5. That the Id. CIT (A), NFAC has erred in not appreciating the fact that the appellant had also received interest-free loans from various parties and therefore the advance given cannot be said to be out of interest-bearing funds.

6. That the appellant respectfully reserves the right to add, alter, amend OR withdraw any ground of appeal at the time of hearing. and to submit additional grounds as may be necessary in the interest of justice and in accordance with law..

(B) In this case assessment order dated 06.01.2025 was passed under section 147 of the Income Tax Act, 1961 (the Act) whereby the assessee’s total income was determined at Rs. 14,22,140/-. In the assessment order an addition of Rs. 6,00,000/- was made on account of disallowance of interest expenses. The assessee’s appeal against the aforesaid addition amounting to Rs. 6,00,000/- was dismissed by the Learned CIT(A) vide impugned appellate order dated 20.01.2026. The present appeal has been filed by the assessee against the aforesaid impugned appellate order dated 20.01.2026. At the time of hearing there was no representation from the assessee’s side. In the absence of any written representation from the assessee’s side, the Learned Departmental Representative was heard. He relied on the assessment order and the impugned appellate order of the Learned CIT(A).

(B.1) On perusal of the assessment order, it is found that the Assessing Officer calculated the aforesaid amount of Rs. 6,00,000/- by applying rate of interest @ 12% p.a. on interest free loan given to Smt. Sunita Jaiswal. In the words of the Assessing Officer, the aforesaid amount of Rs. 6,00,000/- is “deemed interest received for loan given to Smt. Sunita Jaiswal”. Thus the records clearly show that the assessee did not actually receive any interest from the aforesaid Smt. Sunita Jaiswal, and the that the aforesaid interest amounting to Rs. 6,00,000/- is not ‘real’ income earned by the assessee; but just a notional amount. The Learned CIT(A) has confirmed the aforesaid addition on the ground that interest bearing funds of the assessee were diverted for non-business purposes. However, on perusal of records and on careful consideration of the assessment order and impugned appellate order of the Learned CIT(A), it is found that there is no material on record to show that an amount of Rs. 50,00,000/- was given by the assessee to aforesaid Smt. Sunita Jaiswal by diversion of interest bearing funds for non-business purposes. Further, there is no rational basis stated in either the assessment order or in the impugned appellate order as to why the aforesaid rate of 12% was adopted. Therefore, it is obvious that the interest rate 12% has been adopted merely on adhoc basis, based on guesswork. The appeal filed by the assessee in Form-35 in the office of the Learned CIT(A), contains statement of facts under Serial No. 11 of the Form, which is reproduced below for the ease of reference:

Statement of fact

(B.2) However, the Learned CIT(A) has not discussed these facts in his impugned appellate order adequately.
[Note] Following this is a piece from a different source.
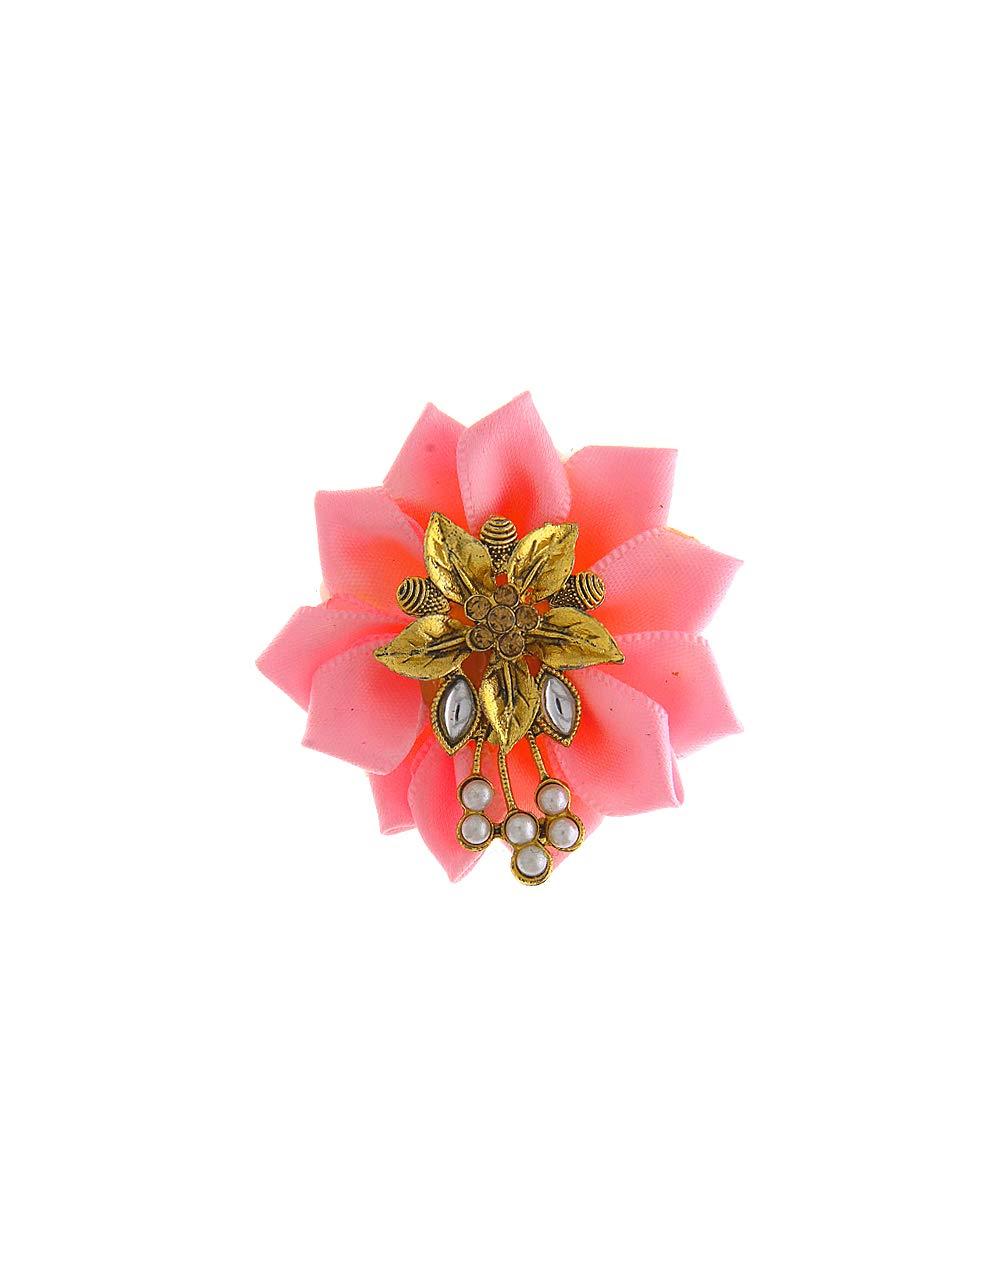 Anuradha Art Baby Pink Colour Styled with Flower Wonderful Designer Sari/Saree Pin for Women/Girls

(B.2.1) In view of the foregoing, it is held that the entire dispute regarding addition of the aforesaid amount of Rs. 6,00,000/- requires fresh examination on facts, as regards whether interest bearing funds were diverted by the assessee for giving interest free loan to aforesaid Smt. Sunita Jaiswal; and as regards correctness of aforesaid rate of interest @ 12% per annum. Therefore, the impugned appellate order of the Learned CIT(A) is set-aside and the issue in dispute regarding the aforesaid addition of Rs. 6,00,000/- is restored back to the file of the Assessing Officer with the direction to pass denovo order on this issue, in accordance with law, after due verification and after providing reasonable opportunity to the assessee.

(C) In the result, the appeal of assessee is partly allowed.